● EXERCISE OBJECTIVE:
Restate, exactly as written, the entries below from the line that holds "Ensemble de 3" through the line that holds "Ces chaises sont". Pictures are not part of the copy.

● PROVIDED RECORDS:
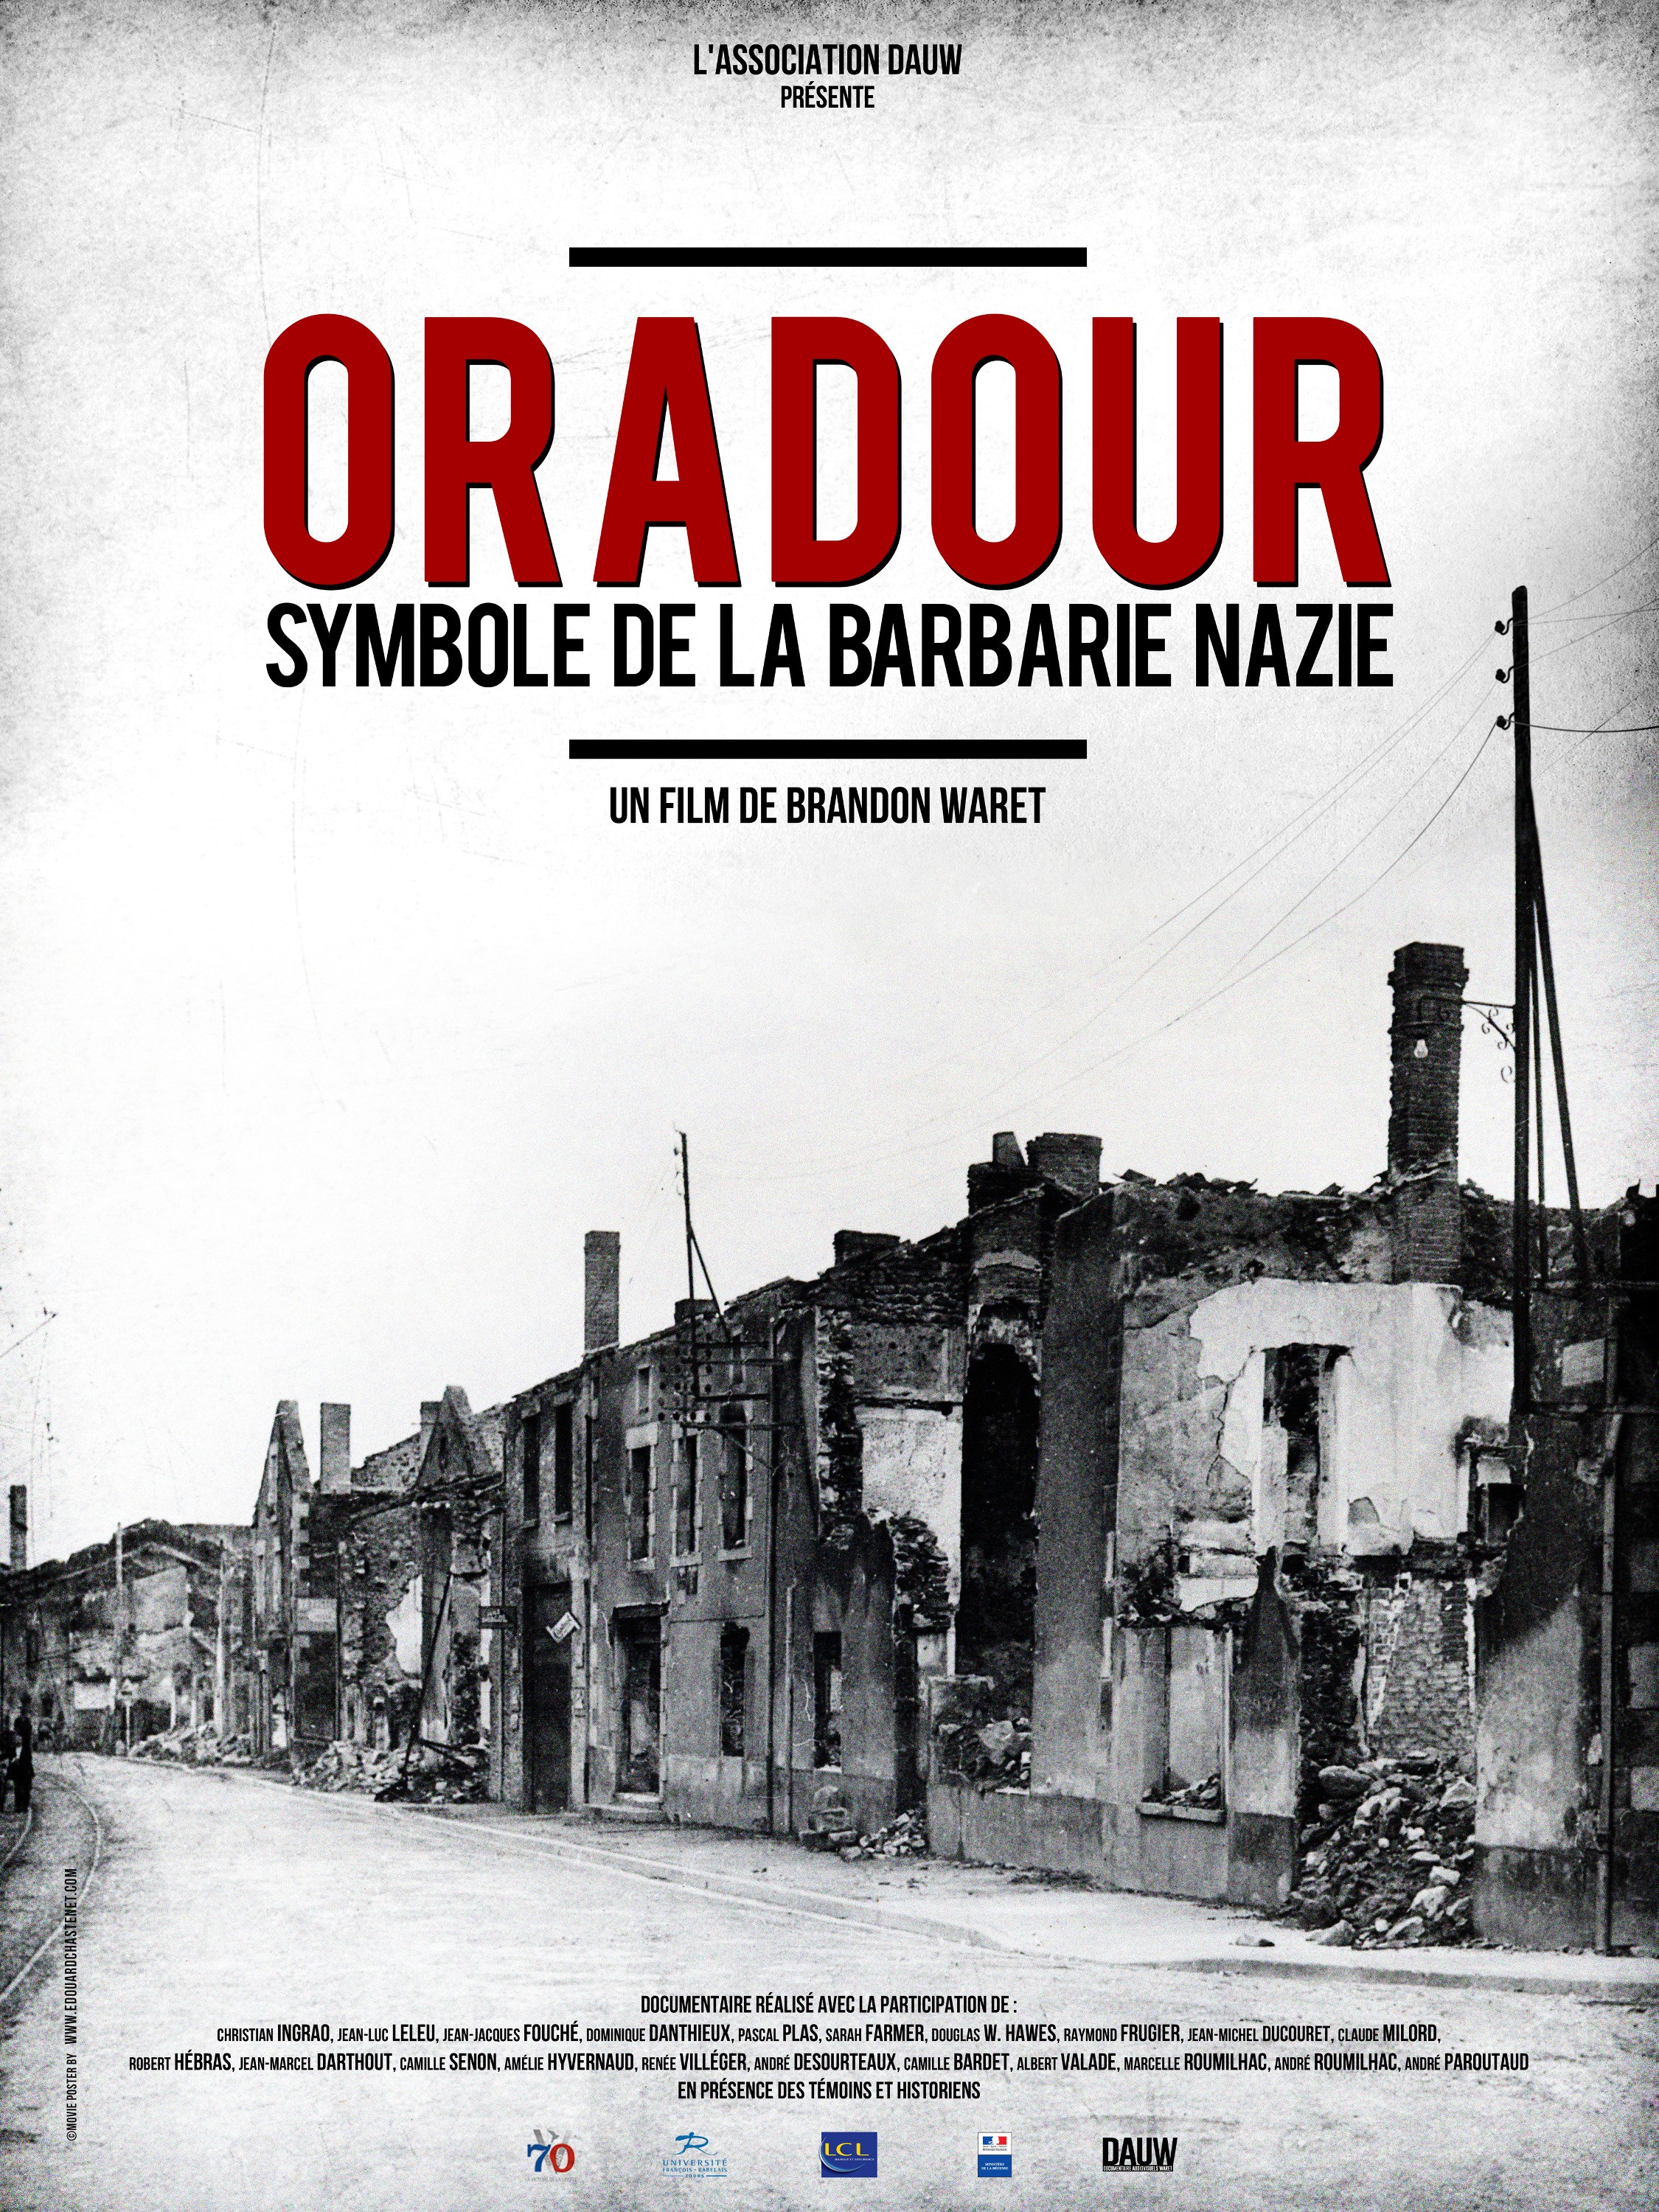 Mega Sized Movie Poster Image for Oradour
---
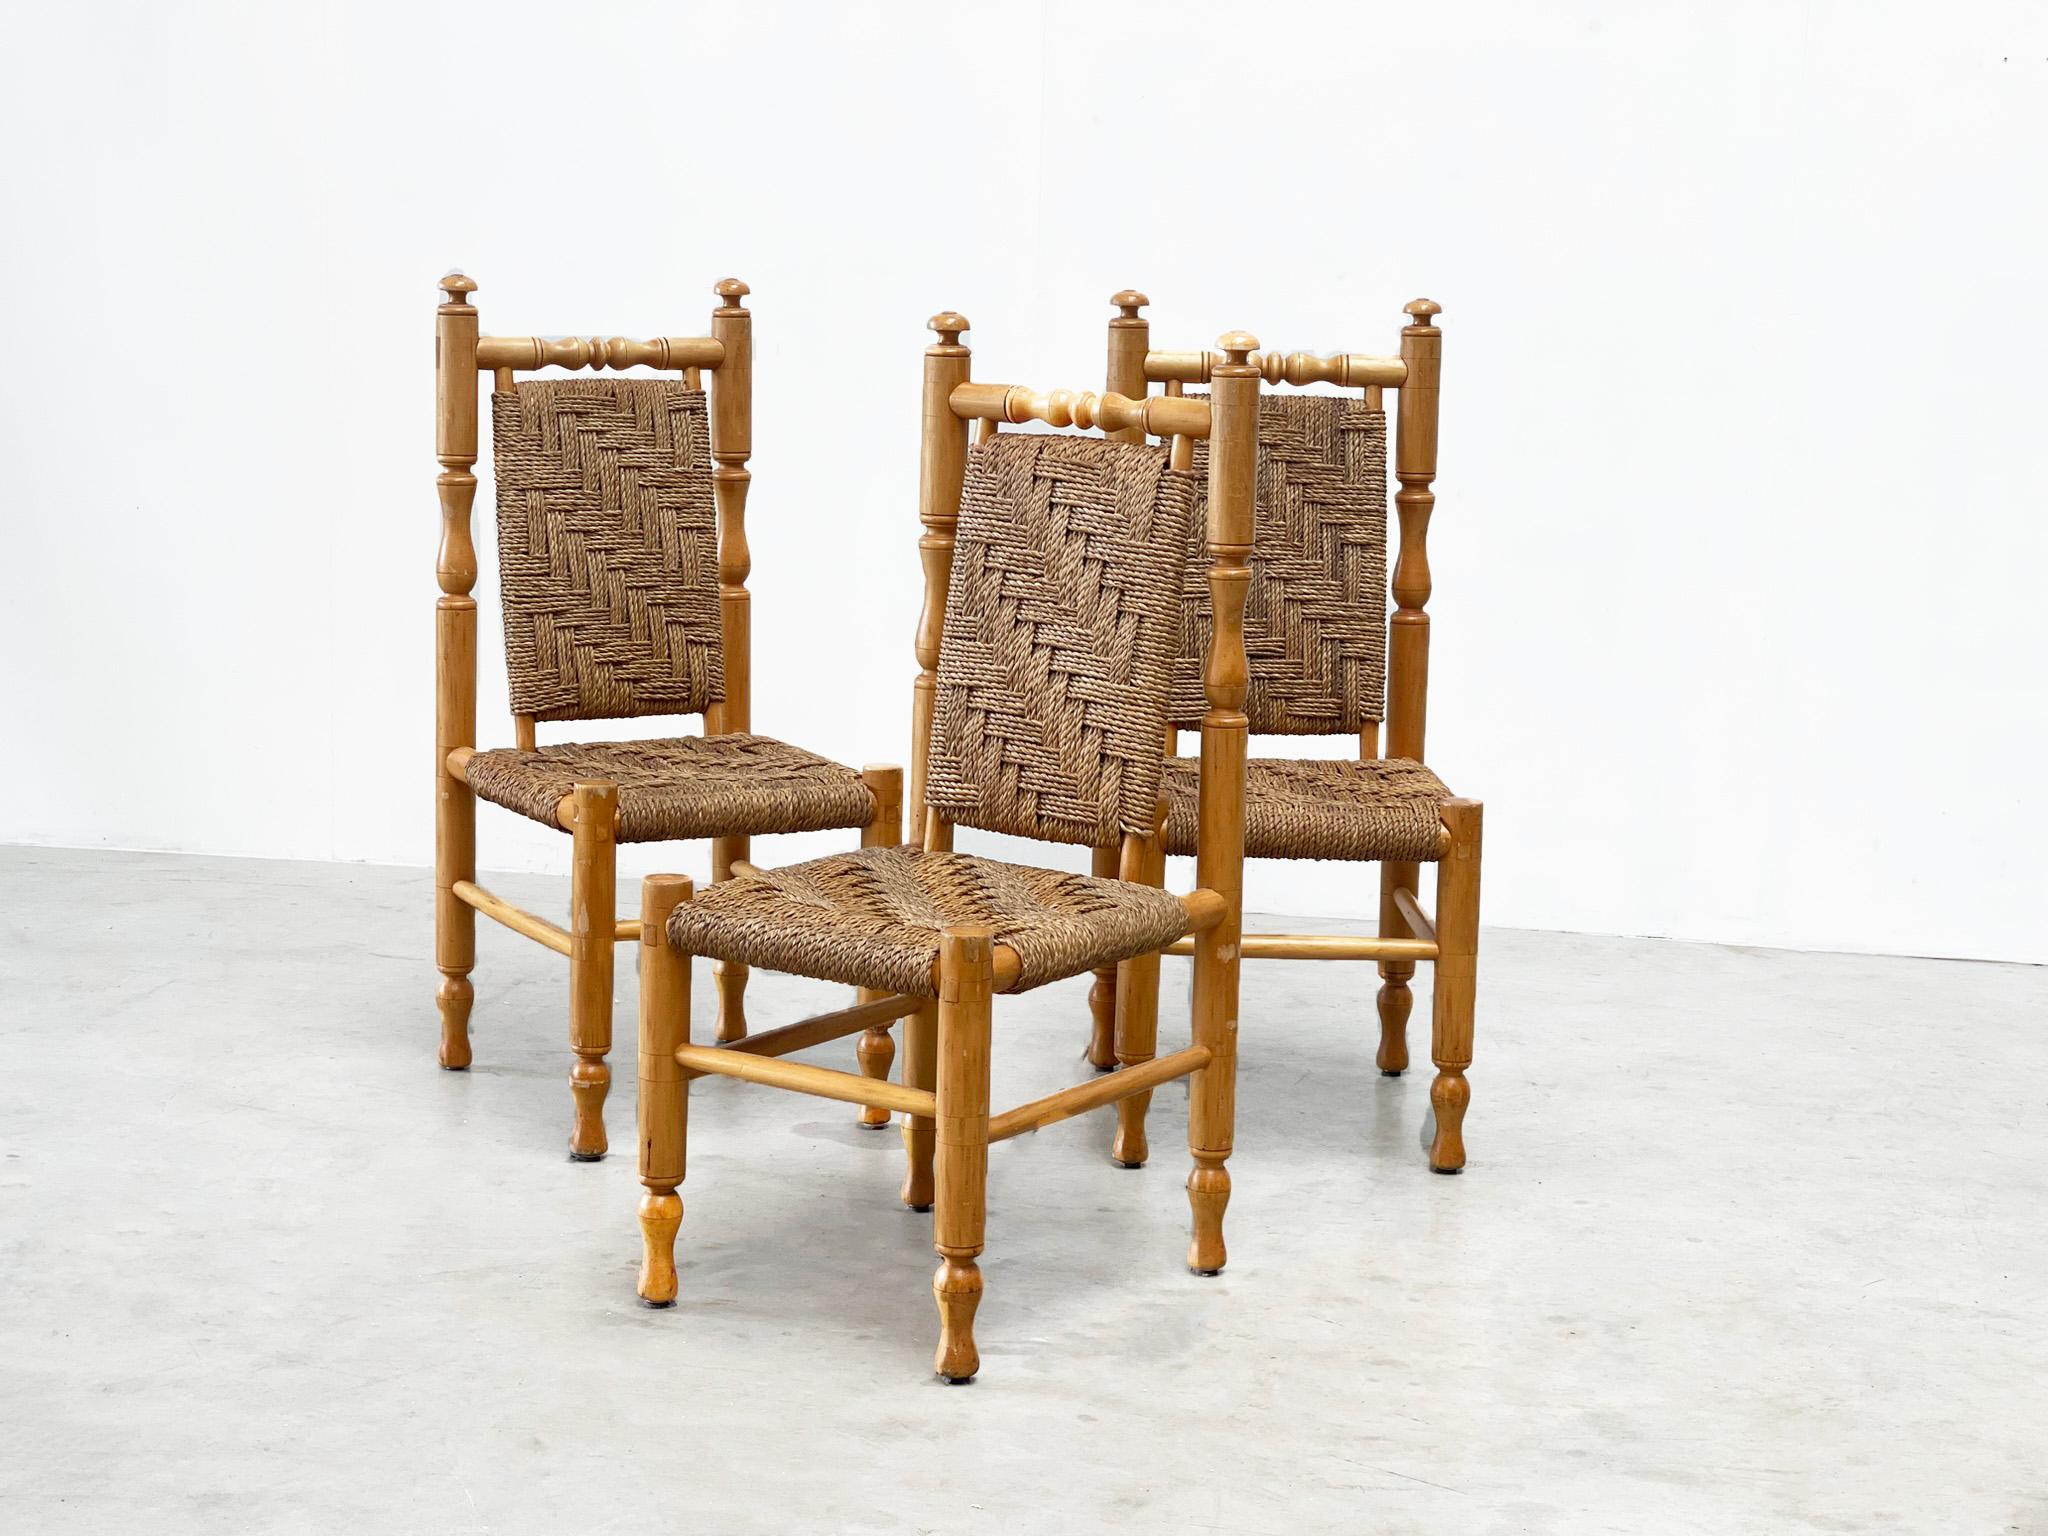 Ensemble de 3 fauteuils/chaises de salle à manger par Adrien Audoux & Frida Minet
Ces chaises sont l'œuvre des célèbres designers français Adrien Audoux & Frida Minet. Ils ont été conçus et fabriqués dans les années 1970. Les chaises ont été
---
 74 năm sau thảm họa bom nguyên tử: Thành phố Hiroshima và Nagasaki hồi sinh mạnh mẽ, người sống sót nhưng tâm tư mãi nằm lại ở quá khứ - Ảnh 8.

● SOLUTION TO THIS TASK:
 Ensemble de 3 fauteuils/chaises de salle à manger par Adrien Audoux & Frida Minet
Ces chaises sont l'œuvre des célèbres designers français Adrien Audoux & Frida Minet. Ils ont été conçus et fabriqués dans les années 1970. Les chaises ont été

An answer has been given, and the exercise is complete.